DATASET CONTENT:
Segment Open
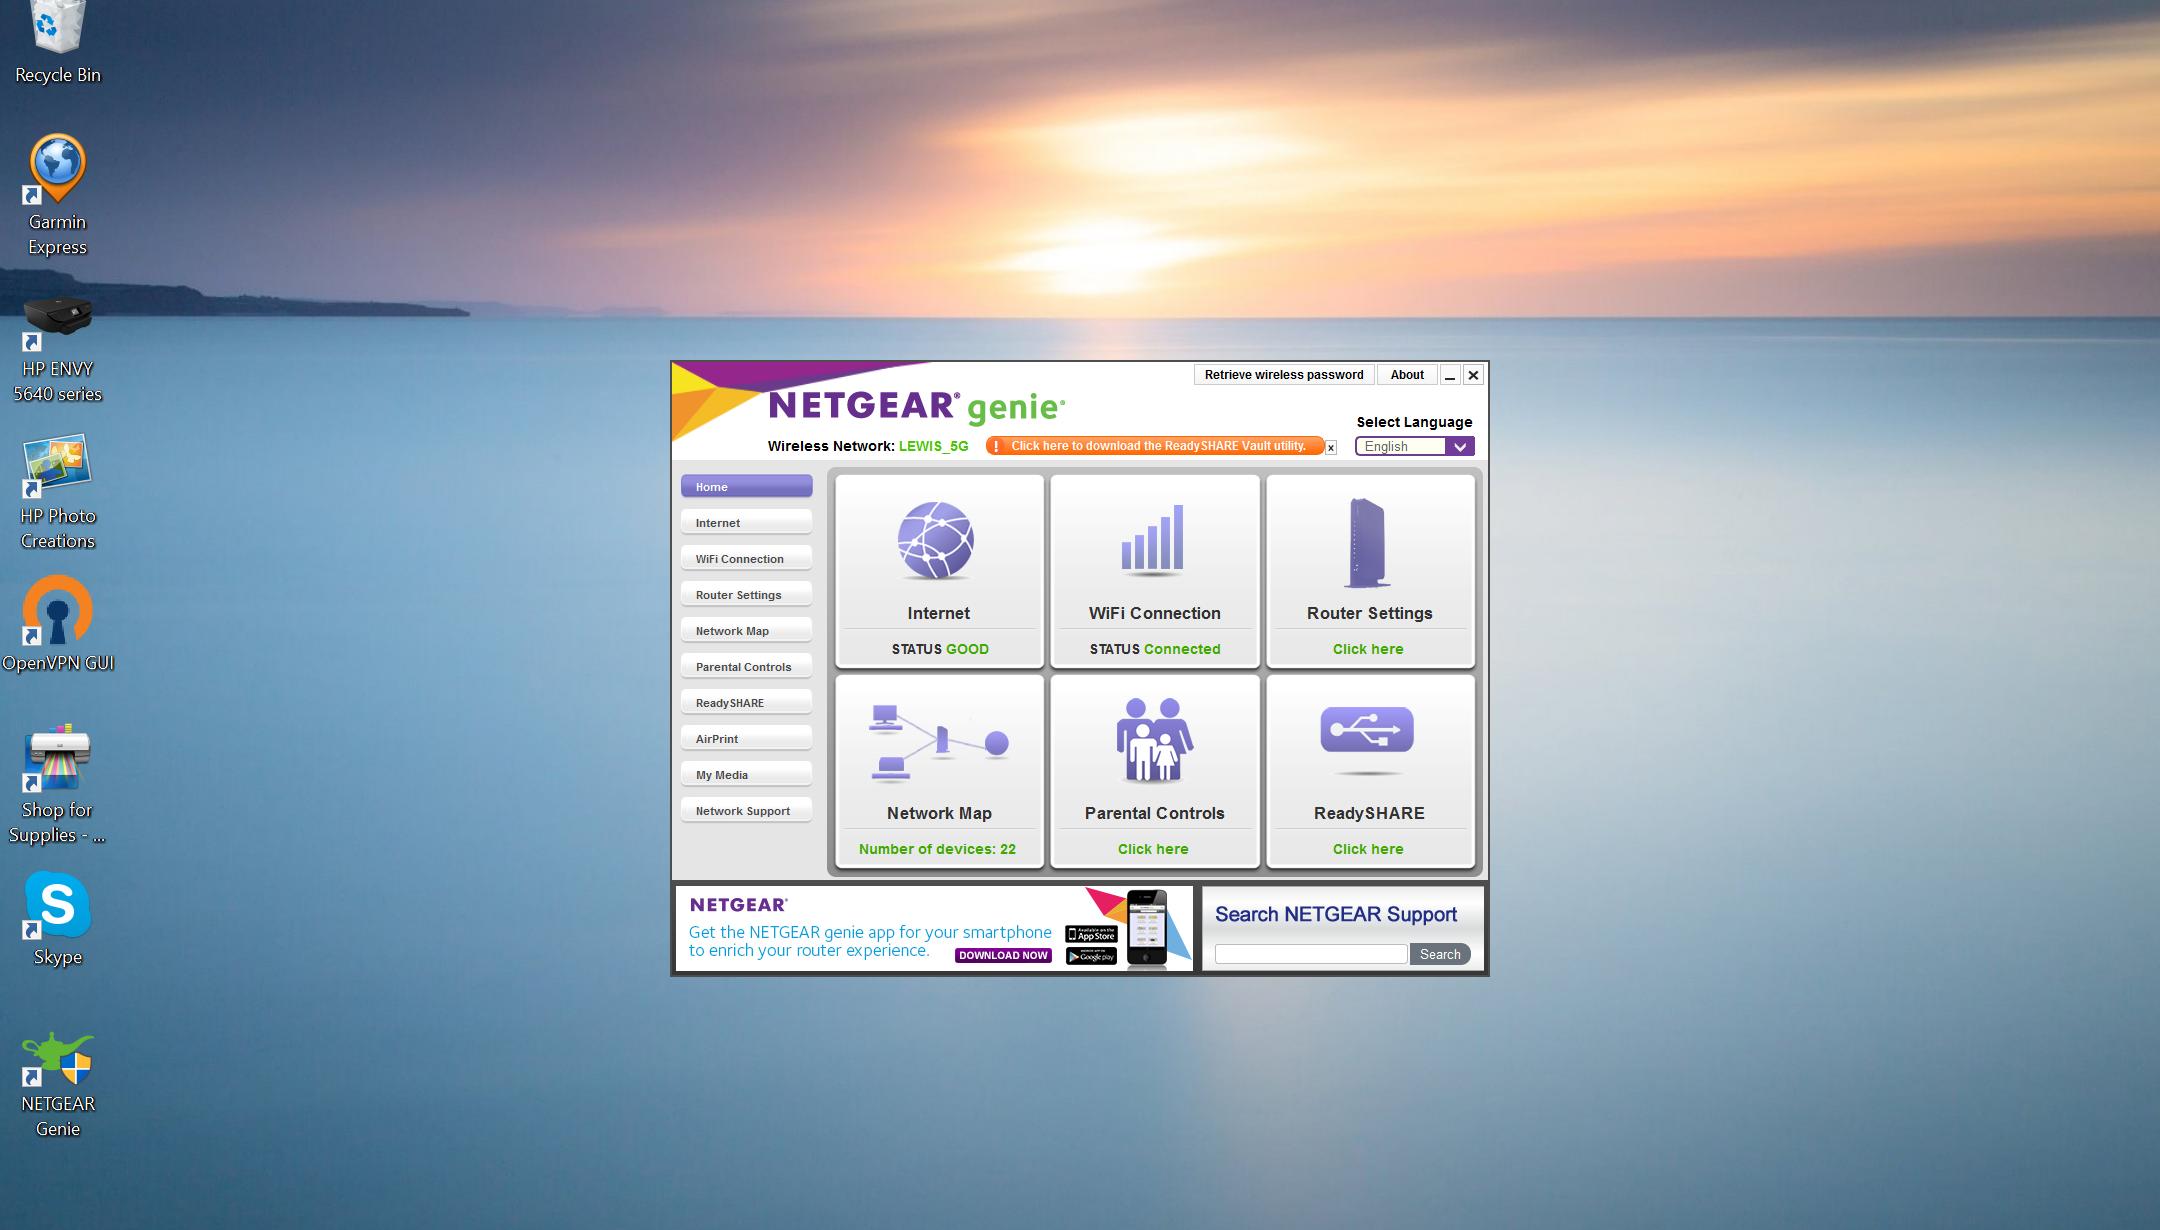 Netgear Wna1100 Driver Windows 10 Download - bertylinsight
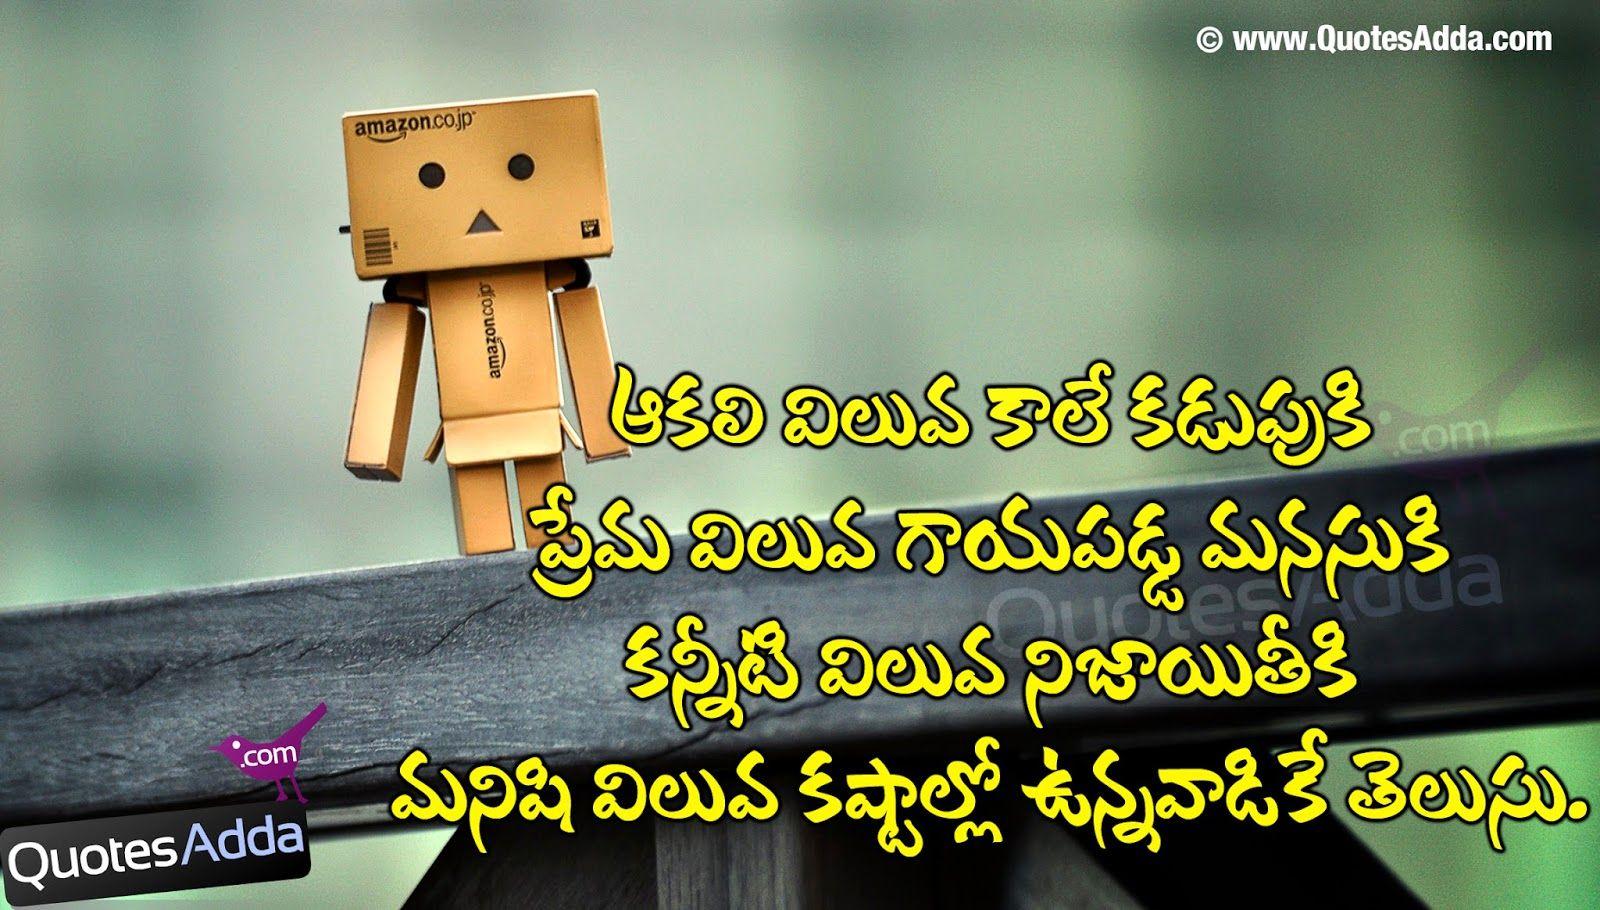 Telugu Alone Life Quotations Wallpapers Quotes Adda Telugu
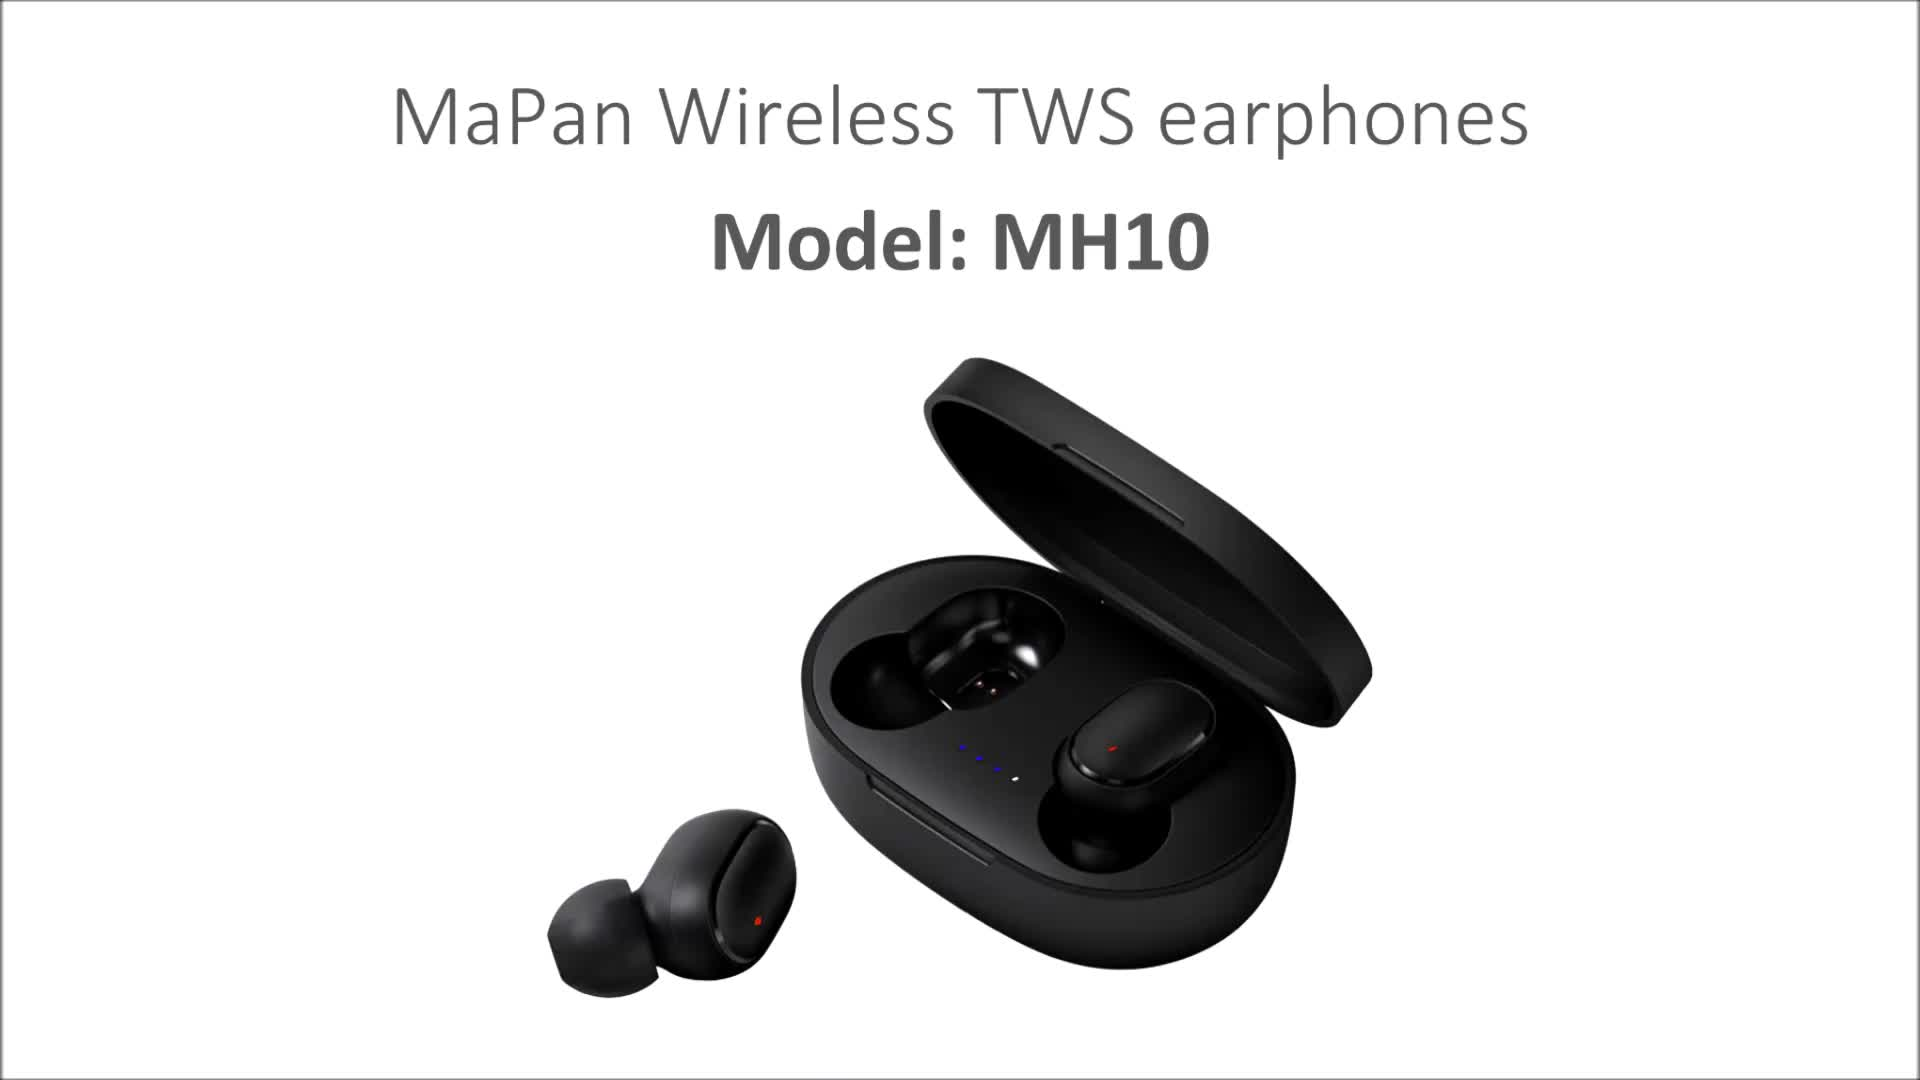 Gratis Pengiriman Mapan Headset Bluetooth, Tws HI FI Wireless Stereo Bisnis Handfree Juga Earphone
Segment Closed
INSTRUCTIONS TO FOLLOW: Everything in the data except the pictures should be restated word for word.

RESPONSE TO THE EXERCISE:
 Netgear Wna1100 Driver Windows 10 Download - bertylinsight
 Telugu Alone Life Quotations Wallpapers Quotes Adda Telugu
 Gratis Pengiriman Mapan Headset Bluetooth, Tws HI FI Wireless Stereo Bisnis Handfree Juga Earphone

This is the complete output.